• **Material provided**
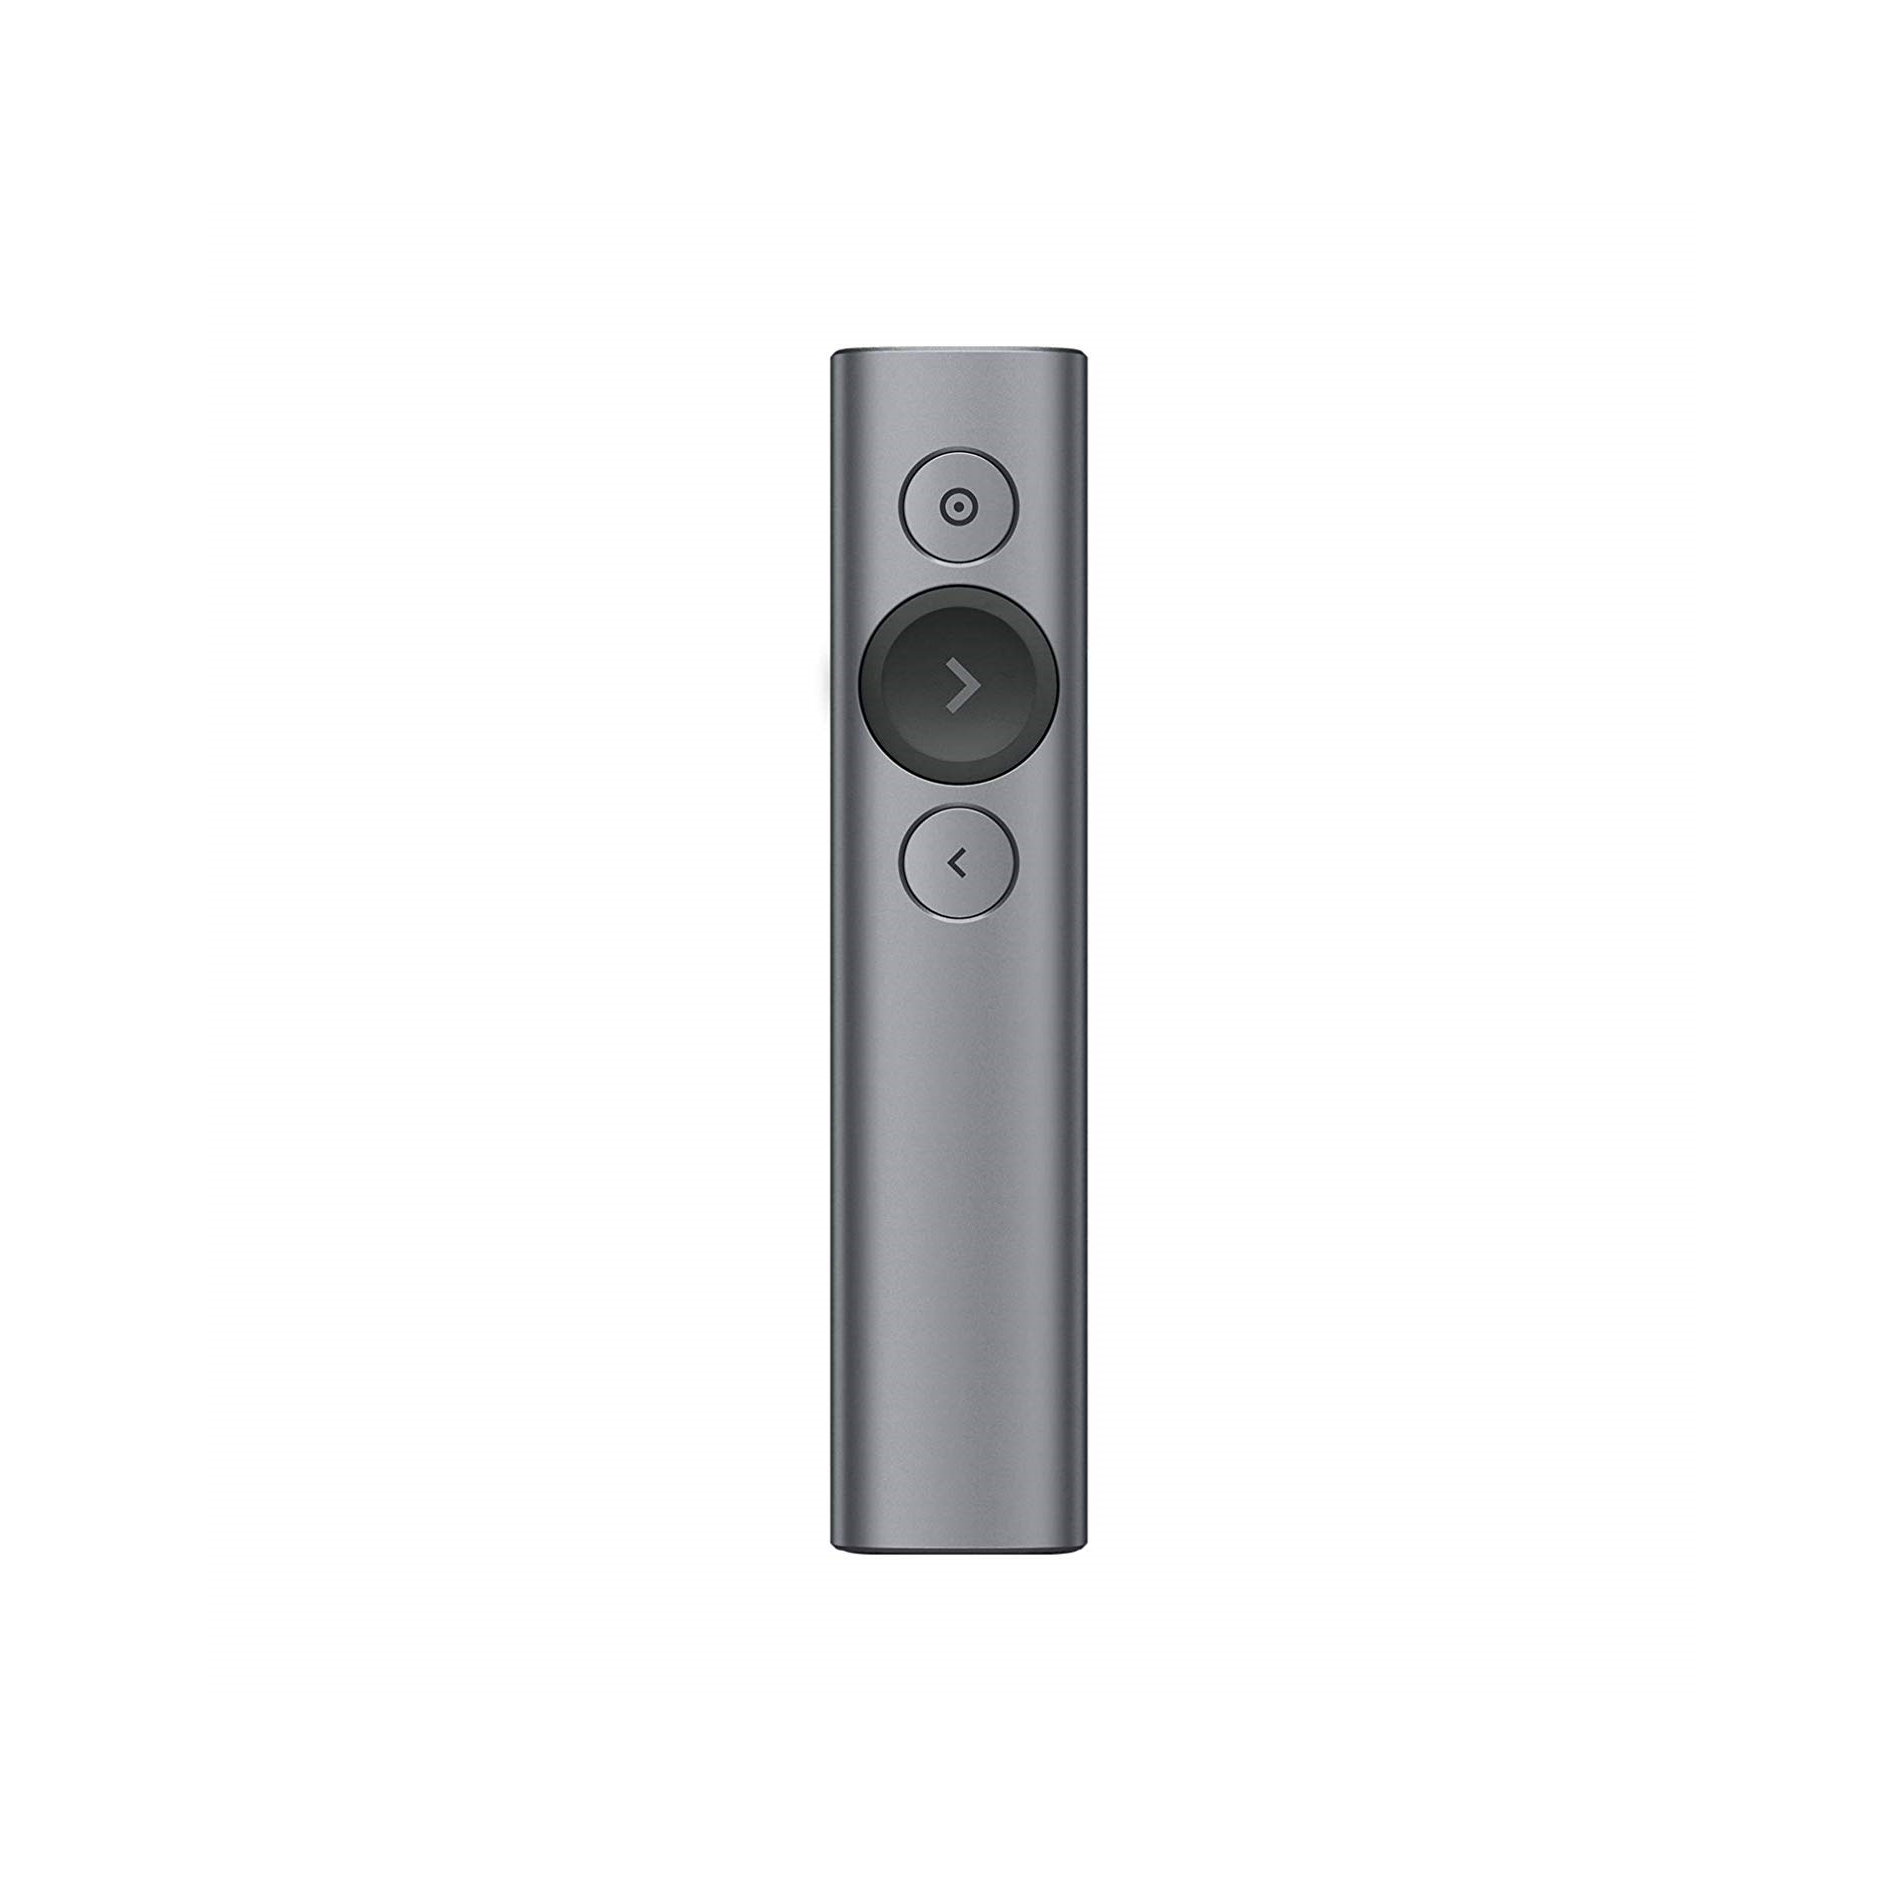 Logitech Spotlight Presentation Remote An advanced digital pointer that works in-person, virtually, or a hybrid of both.
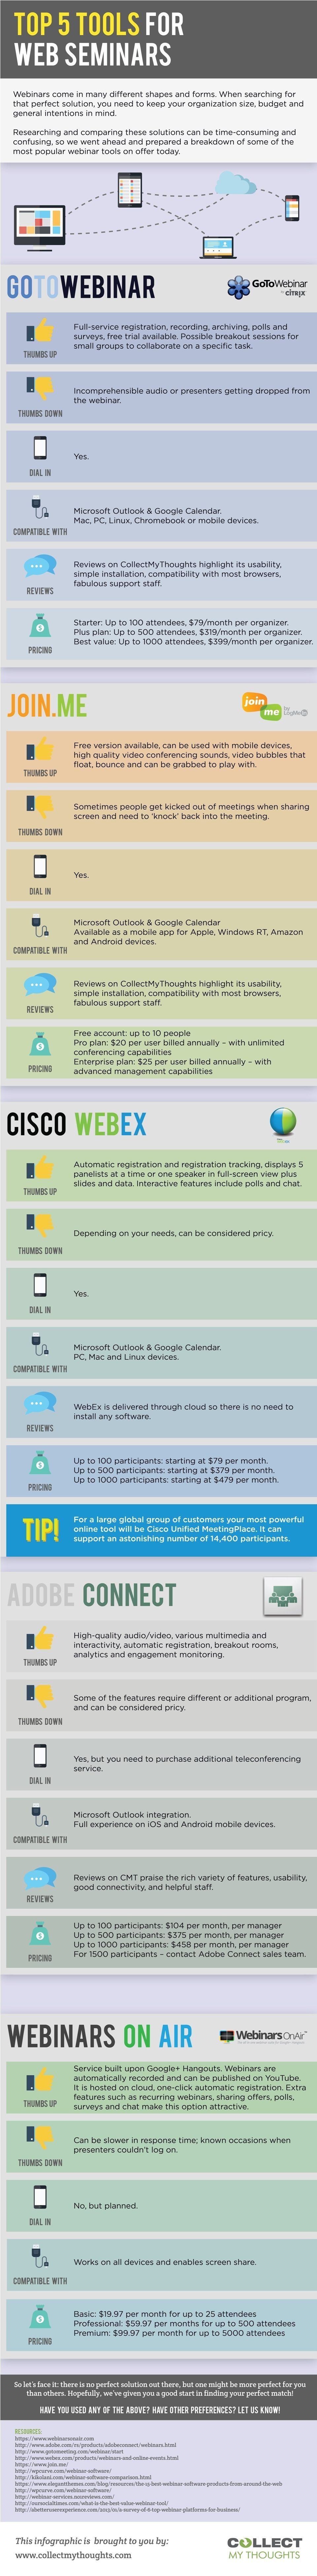 Top 5 Tools for Webinars Infographic
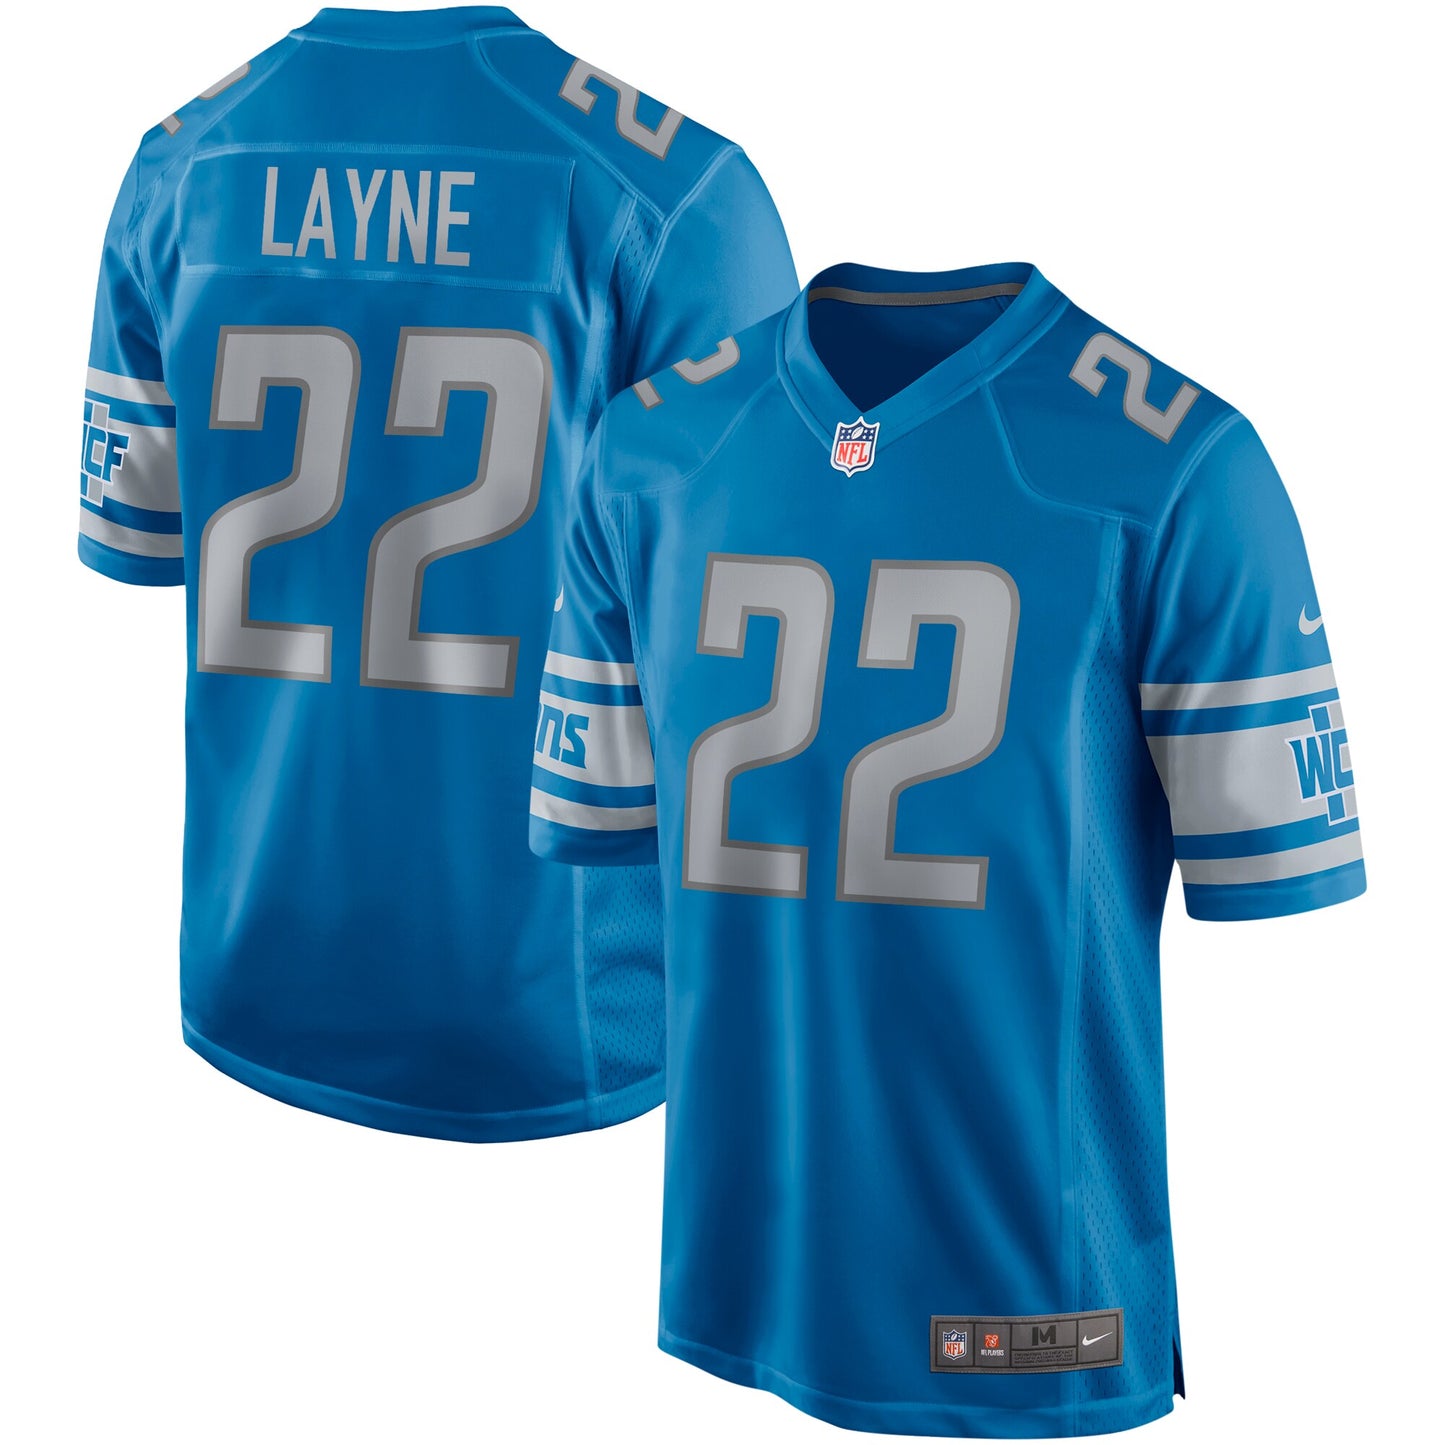 Bobby Layne Detroit Lions Nike Game Retired Player Jersey - Blue

• **Your goal**
All lines from the one that contains "Top 5 Tools for Webinars Infographic" through the last line of the data should be retyped exactly, with the pictures left out.

• **Task response**
 Top 5 Tools for Webinars Infographic
 Bobby Layne Detroit Lions Nike Game Retired Player Jersey - Blue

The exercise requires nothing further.